Activity
Leaving out all pictures, write down exactly the lines from the one containing "LOUIS VUITTON Portefeuille" through the last line of the material.

--- Given information ---

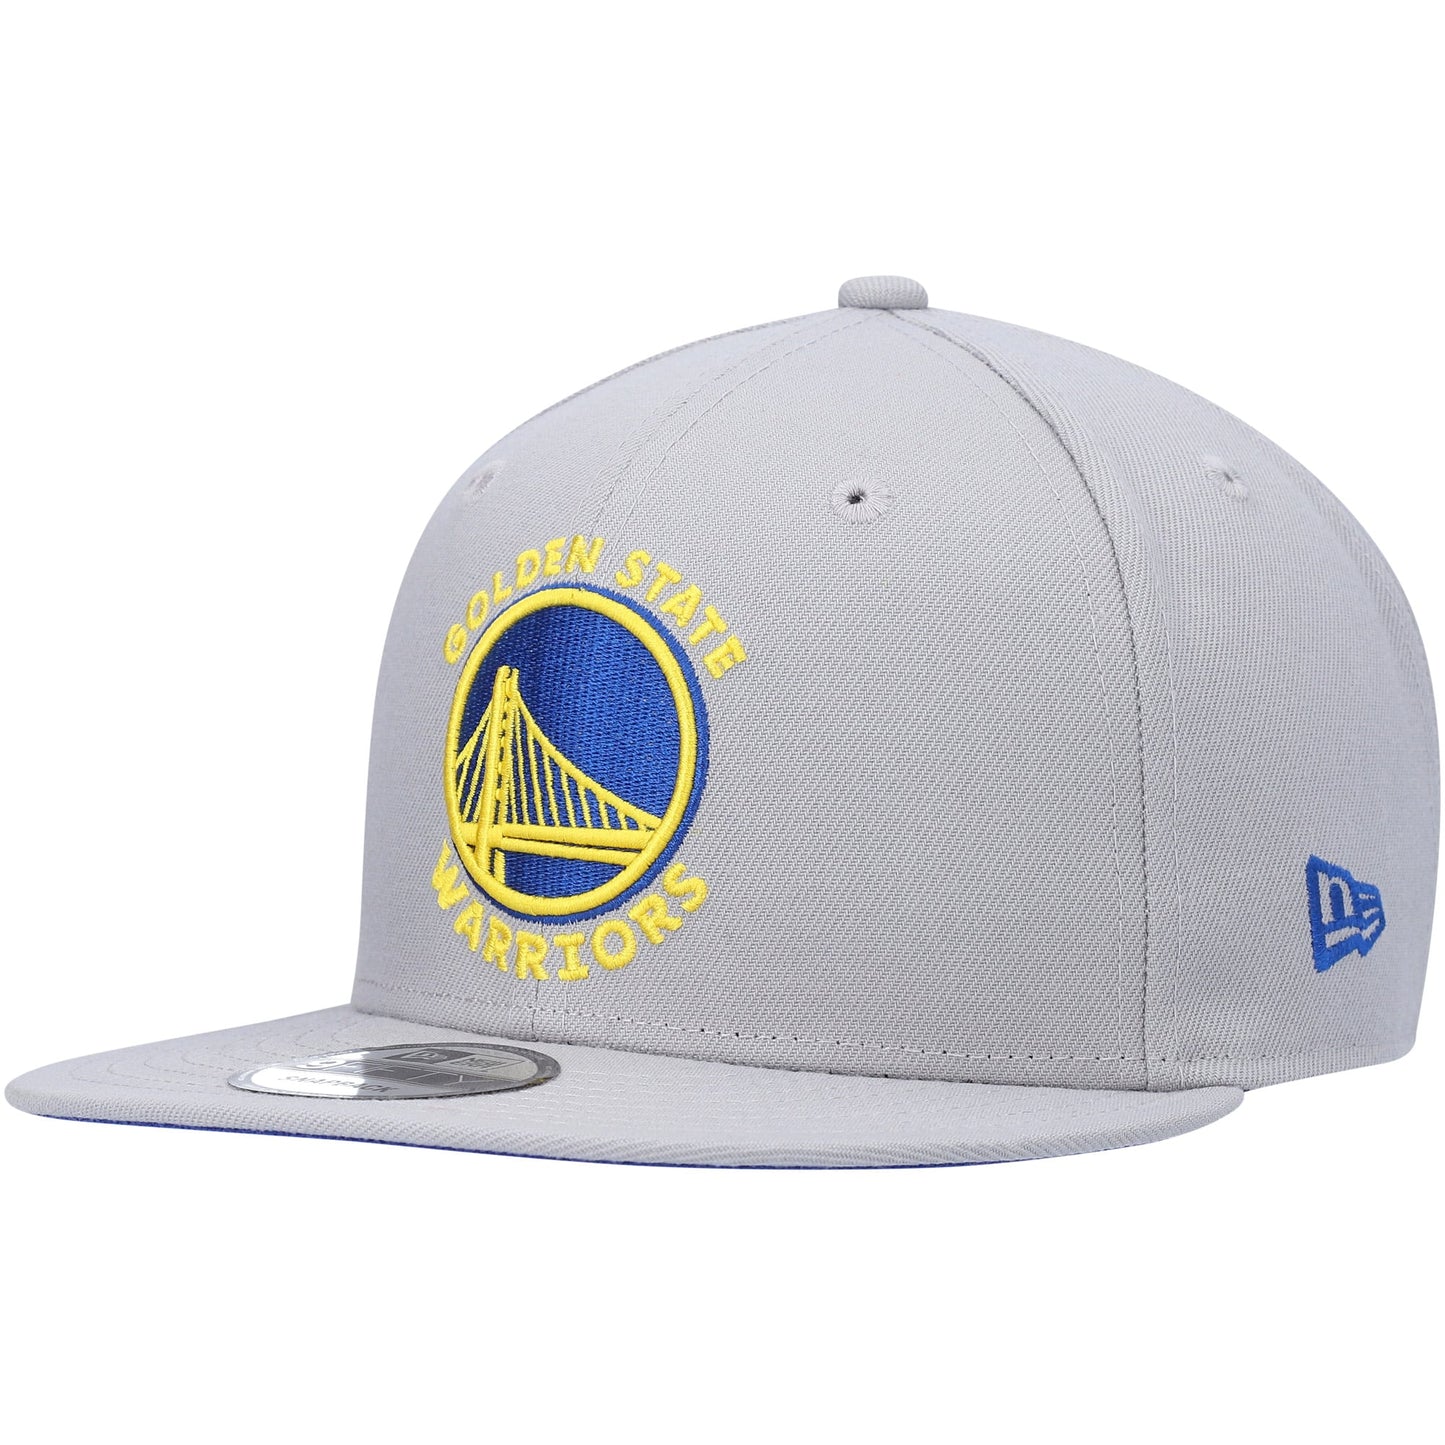 Golden State Warriors New Era 9FIFTY Snapback Hat - Gray
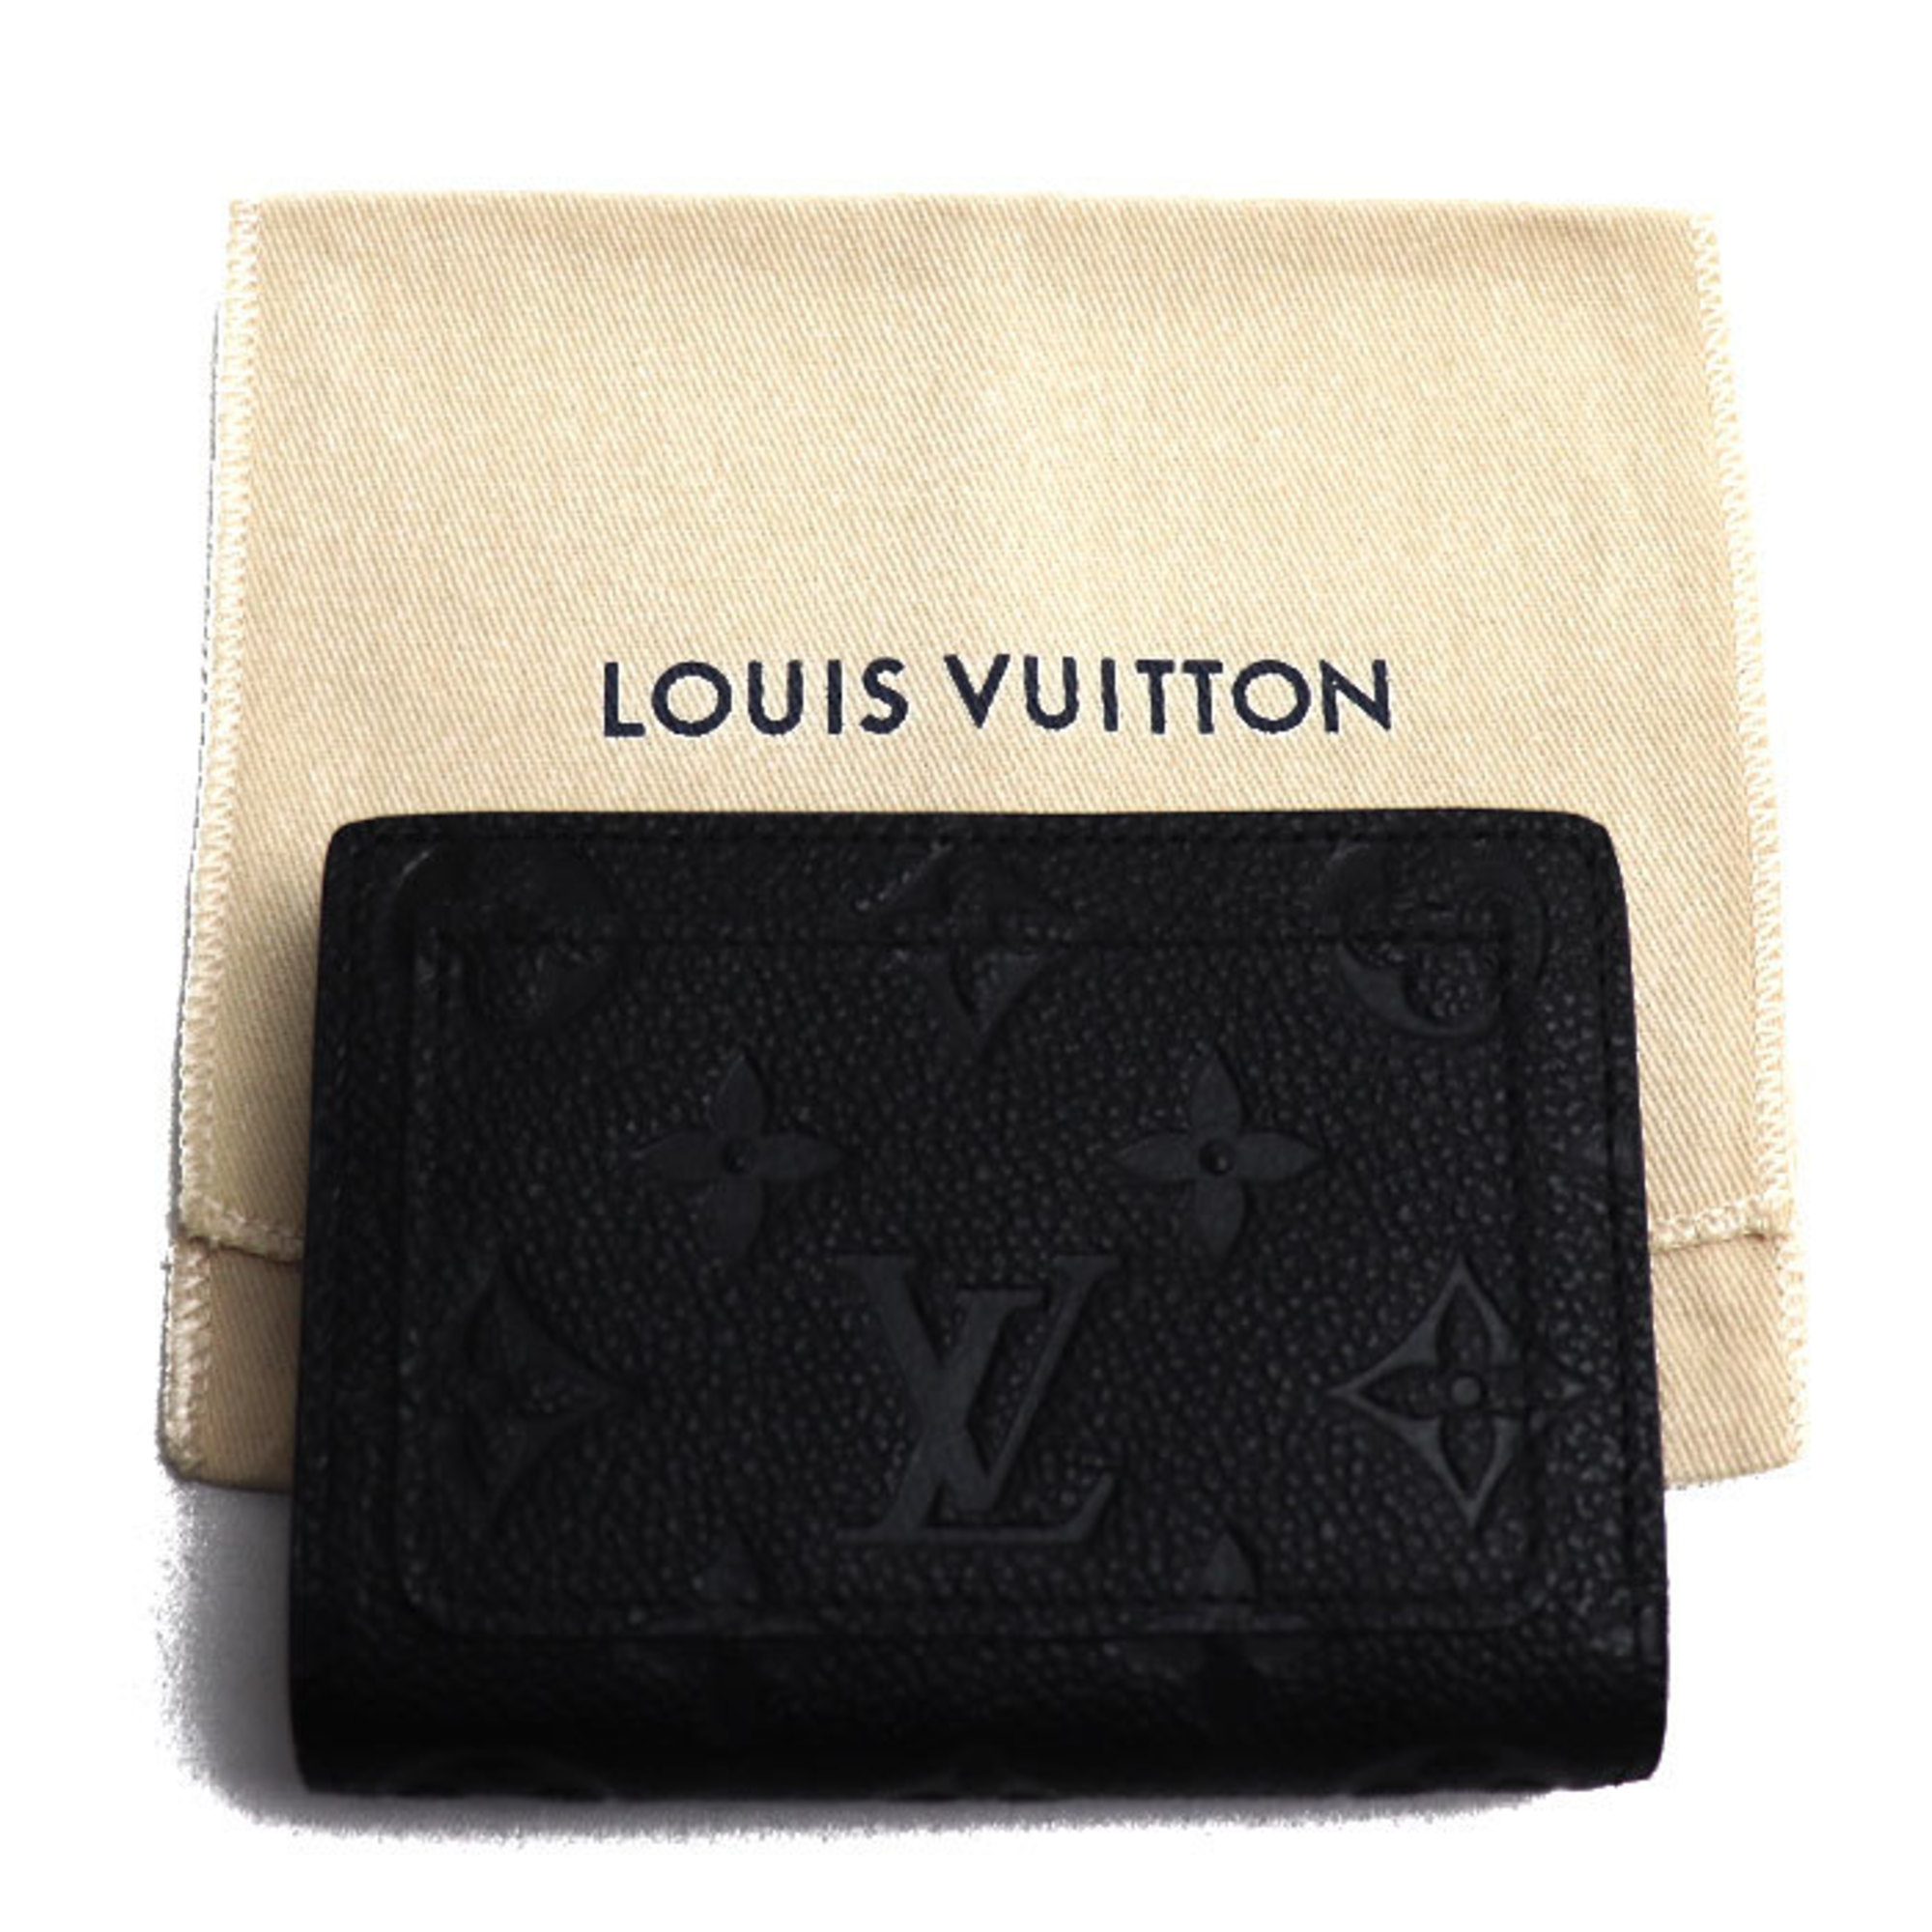 LOUIS VUITTON Portefeuille Bifold Wallet Empreinte Black M80151 IC Chip Ladies
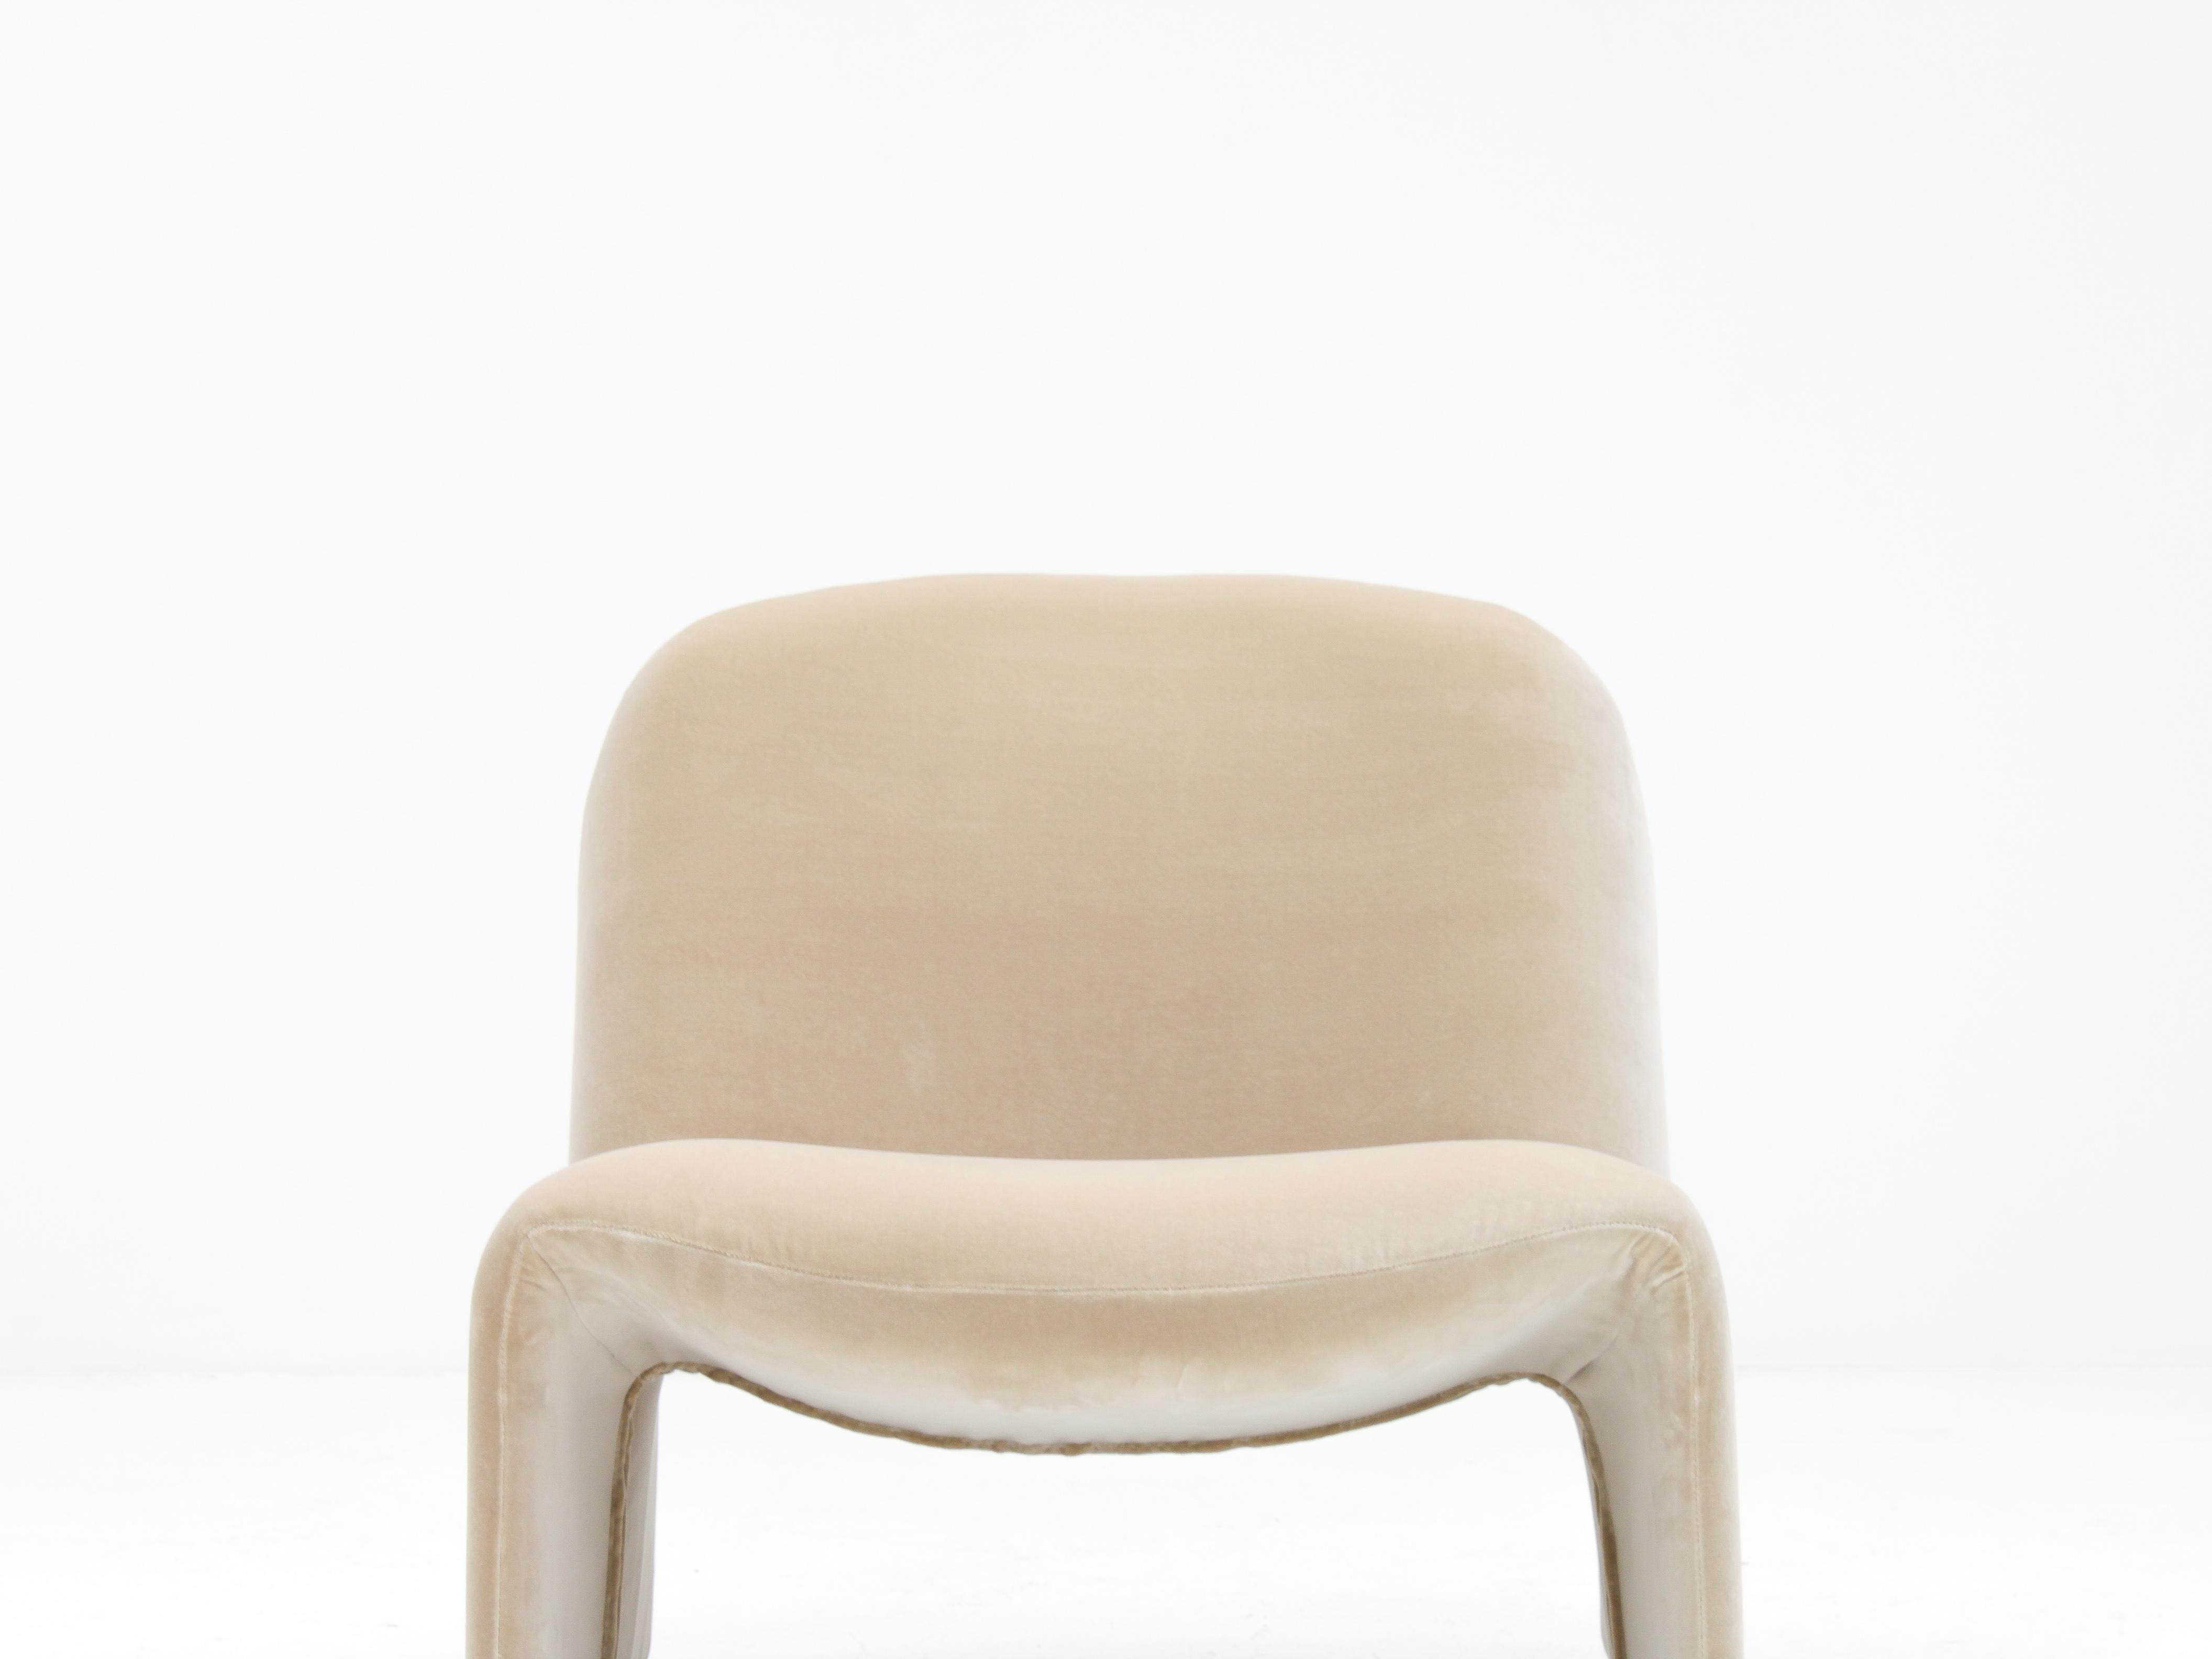 Dutch Giancarlo Piretti “Alky” Chair in New Velvet, Artifort, 1970s, *Customizable*

---

Exercise result
 LOUIS VUITTON Portefeuille Bifold Wallet Empreinte Black M80151 IC Chip Ladies
 Dutch Giancarlo Piretti “Alky” Chair in New Velvet, Artifort, 1970s, *Customizable*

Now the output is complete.